I highly recommend a tool like 010 Editor for this, as it provide a really nice way to make a binary template.

But, you want to start by looking where they load file with a debugger. When the file is loaded, look at how they parse the file.

While the file is 700 MB, odds are it's going to be relatively easy to decode. This is due to the nature of file formats. Most of the complexity is in the headers, and then you have Data sections which just include pure data.

So,

Step 1. Set a breakpoint on the Load file system call, and check to see if it loads.

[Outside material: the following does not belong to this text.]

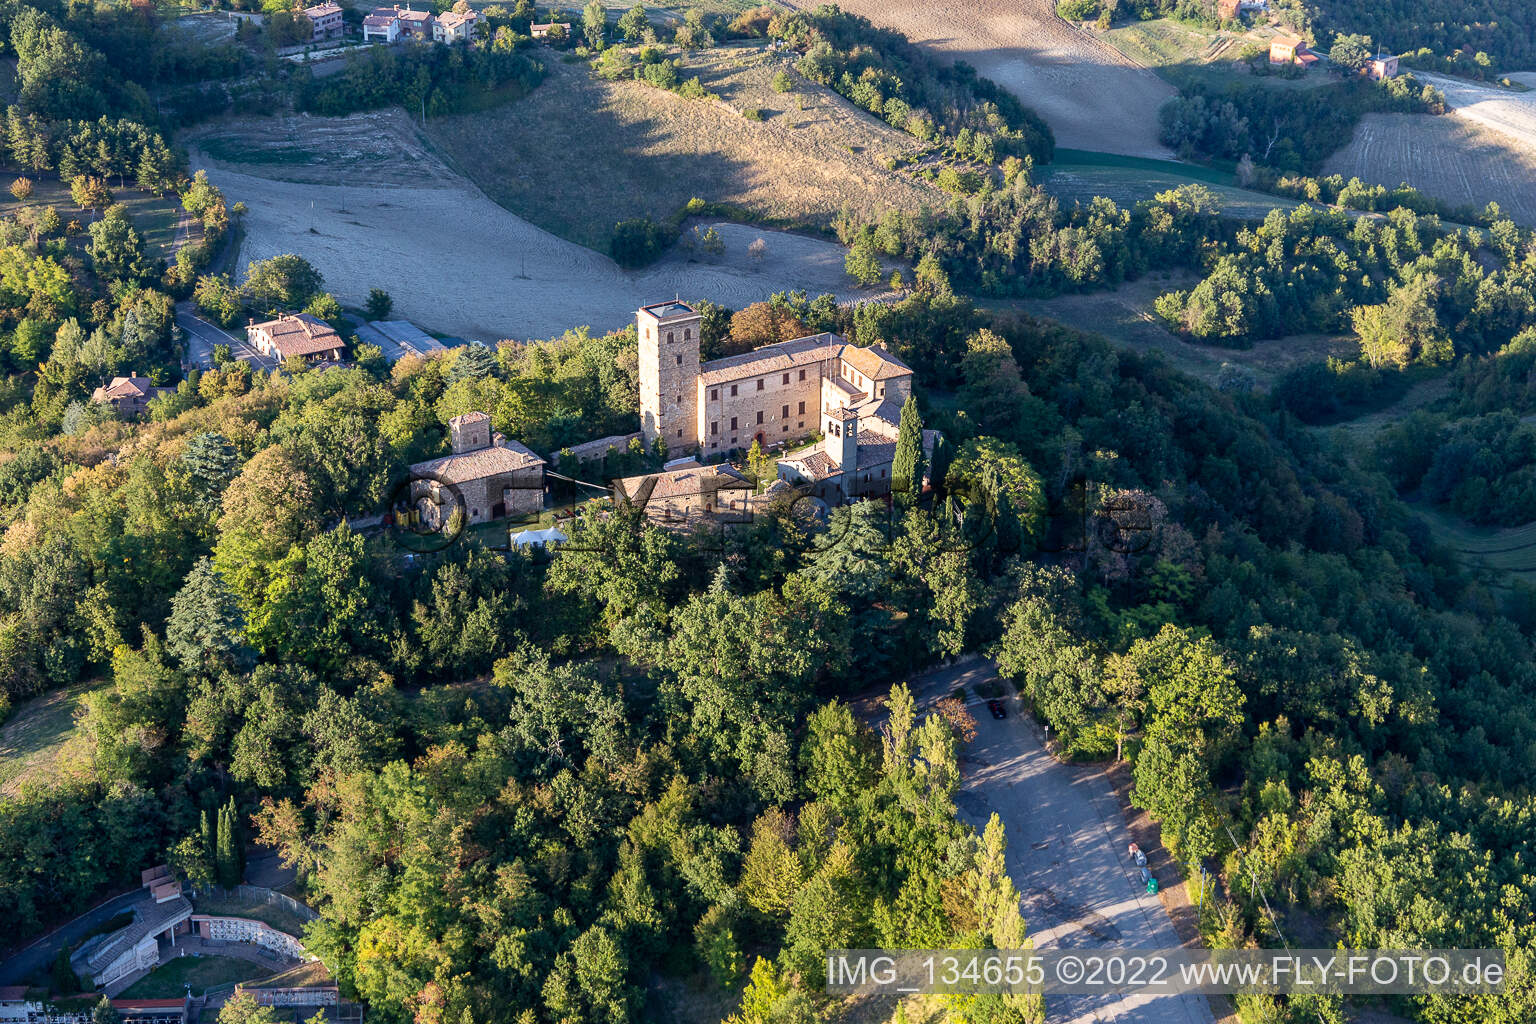 Montegibbio Castle Castello di Montegibbio in Sassuolo in the state Modena, Italy seen from above

Step 2. Look at what is viewed first by the program. There's a very good change 4442 is part of the file type identifier. A big indicator of this is DB. Programmers are people and like to throw in jokes in code, especially arbitrary magic values like a file format identifier. You can try googling some variation of "44 42 20 20 01 32 42 D9" on the internet and see if someone else has found this.

Step 3. Since "hball_ribbon am_filter force_mulforce force_dir" is plain text. You have a really good indicator. Knowing that C strings are terminated with a NULL, and the only mainstream alternative is a pascal string, you likely know you have 3 strings here.

Step 4. Using the knowledge of the strings. Figure out how the strings are referenced. Most use RVA for the file format addressing. Once you do this, you should have enough strings to start tugging on to reverse most of the format.

Alternatively, try using open source knowledge. Look at an emulator or some other tool that parses Wii files.